Format String in Flask with Dynamodb
Format String in Flask with Dynamodb — how this specific combination creates or exposes the vulnerability
A format string vulnerability occurs when user-controlled input is passed directly into a string formatting operation without proper sanitization. In a Flask application using Amazon DynamoDB, this typically arises when building API request parameters, log messages, or error responses using Python’s % operator, .format(), or f-strings with data retrieved from or influenced by DynamoDB responses.
Consider a Flask route that fetches a user record from DynamoDB and includes a user-supplied locale parameter in a status message:
import boto3
from flask import Flask, request
app = Flask(__name__)
ddb = boto3.client('dynamodb', region_name='us-east-1')
@app.route('/user')
def get_user():
user_id = request.args.get('id')
locale = request.args.get('locale', 'en')
# Fetch user from DynamoDB
resp = ddb.get_item(
TableName='users',
Key={'user_id': {'S': user_id}}
)
user = resp.get('Item', {})
username = user.get('username', {'S': 'unknown'}).get('S', 'unknown')
# Vulnerable: direct string interpolation with user input
message = 'Welcome %s (lang: %s)' % (username, locale)
return {'message': message}
If an attacker controls the locale parameter and the application inadvertently uses it in a format string operation (e.g., constructing a log line or API response that is later interpolated), they can inject format specifiers such as %s, %x, or %n.
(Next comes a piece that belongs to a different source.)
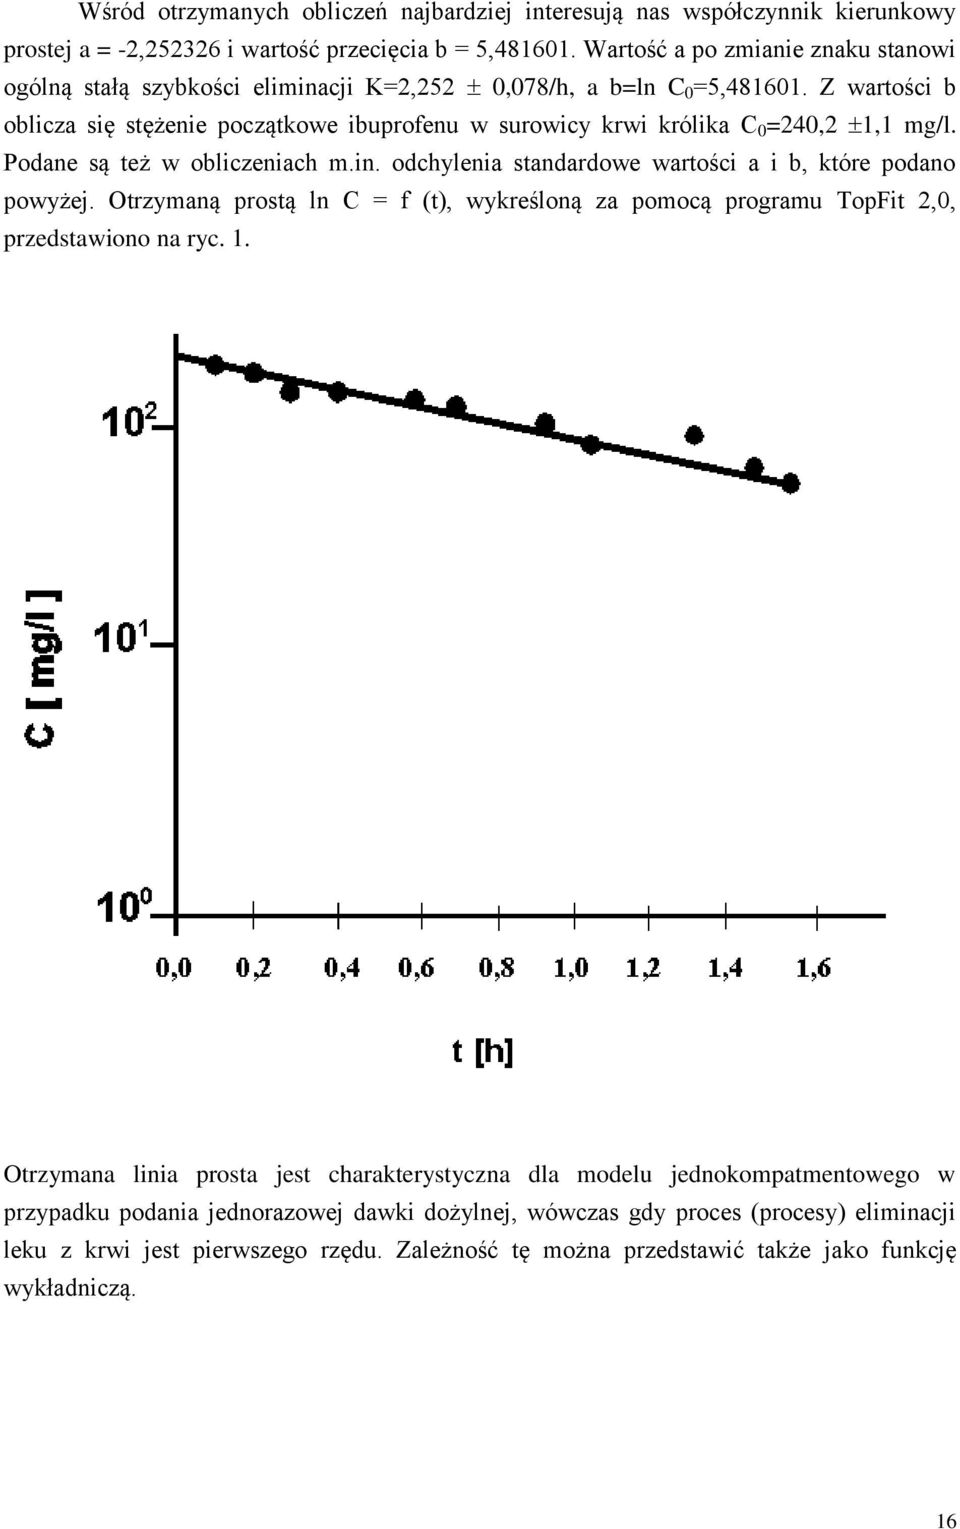 Z wartości b oblicza się stężenie początkowe ibuprofenu w surowicy krwi królika 0 =240,2 1,1 mg/l. Podane są też w obliczeniach m.in. odchylenia standardowe wartości a i b, które podano powyżej.

This can lead to information disclosure, crashes, or in some environments, code execution. The DynamoDB item itself may also contain user-controlled fields that, if used unsafely in formatting, expand the attack surface.
Another scenario involves constructing DynamoDB attribute names or filter expressions using string formatting with unchecked input. For example:
@app.route('/query')
def unsafe_query():
table = request.args.get('table')
# Vulnerable: table name inserted via string formatting
response = ddb.scan(TableName='%s_users' % table)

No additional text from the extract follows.